Neuroanatomical specificity in the autoregulation of aromatase-immunoreactive neurons by androgens and estrogens: an immunocytochemical study

Testosterone (T) increases brain aromatase activity (AA) in quail and other avian and mammalian species. It was shown both in quail and in rat that this enzymatic induction results from a synergistic action of androgens and estrogens. These studies provide little information on possible anatomical or cellular specificity of the effect. Using a polyclonal antiserum against human placental aromatase, we have previously identified aromatase-immunoreactive (ARO-ir) neurons in the quail brain and demonstrated that T increases the number of ARO-ir cells in the quail preoptic area (POA) supporting previous evidence that T increases AA in the brain. However, which T metabolites are involved, the actual mechanism of regulation and the possibility of anatomical specificity for these effects are not yet clear. In the present study, we disassociated the effects of androgens and estrogens in aromatase induction by comparing ARO-ir neurons of quail treated with T alone or T in the presence of a potent aromatase inhibitor (R76713), which has been shown to depress AA levels and to suppress T-activated copulatory behavior. T increased the number of ARO-ir cells in POA, bed nucleus striae terminalis (BNST) and tuberal hypothalamus (Tu). The T effect was inhibited by concurrent treatment with aromatase inhibitor in Tu, but not in POA and BNST. This differential effect of the aromatase inhibitor fits in very well with our previous studies of the co-localization of aromatase and estrogen receptors.
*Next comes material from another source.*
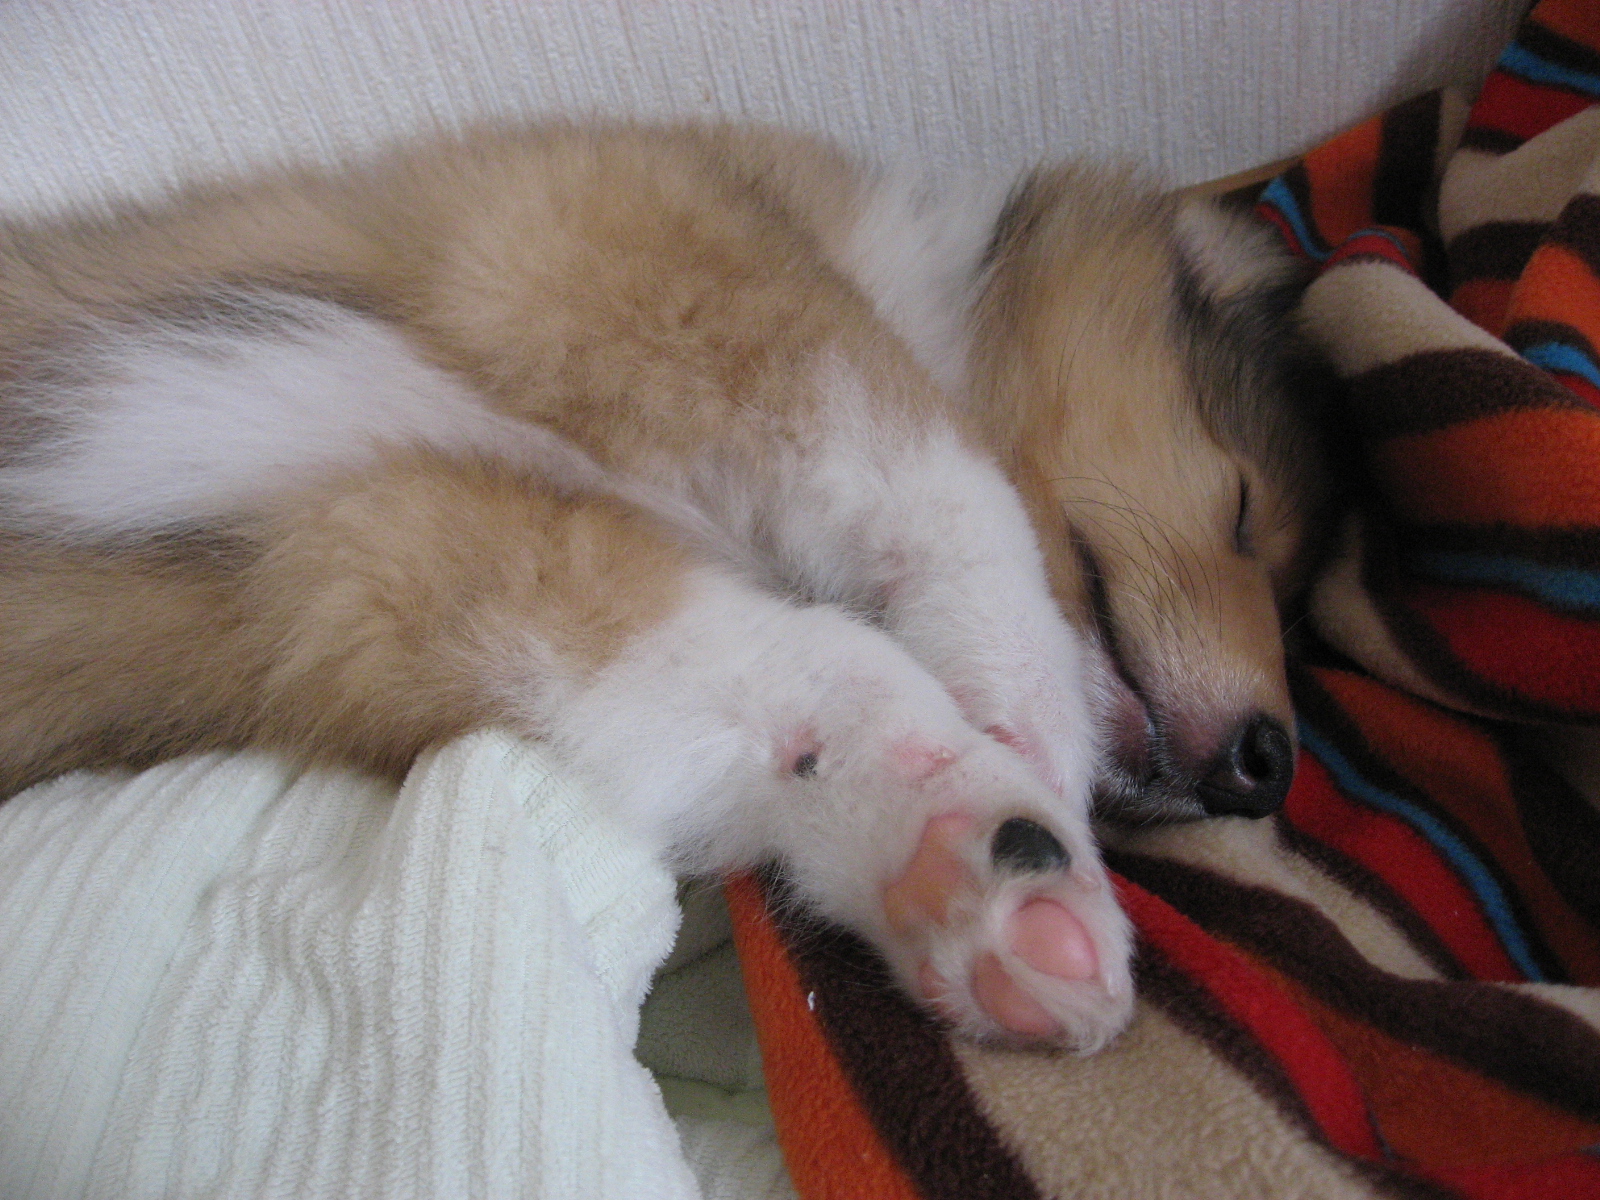 http://www.lucky-dog.jp/weblog/image/IMG_2363.JPG

The T effect was blocked by R76713 in areas where ARO-ir and estrogen receptor-ir are generally co-localized (Tu) and was not affected in areas with mainly ARO-ir positive, estrogen receptor-ir negative cells (POA, BNST). This suggests anatomical differences in the expression or clearance of aromatase which may be differentially sensitive to androgens and estrogens and dependent upon the presence of sex steroid receptors.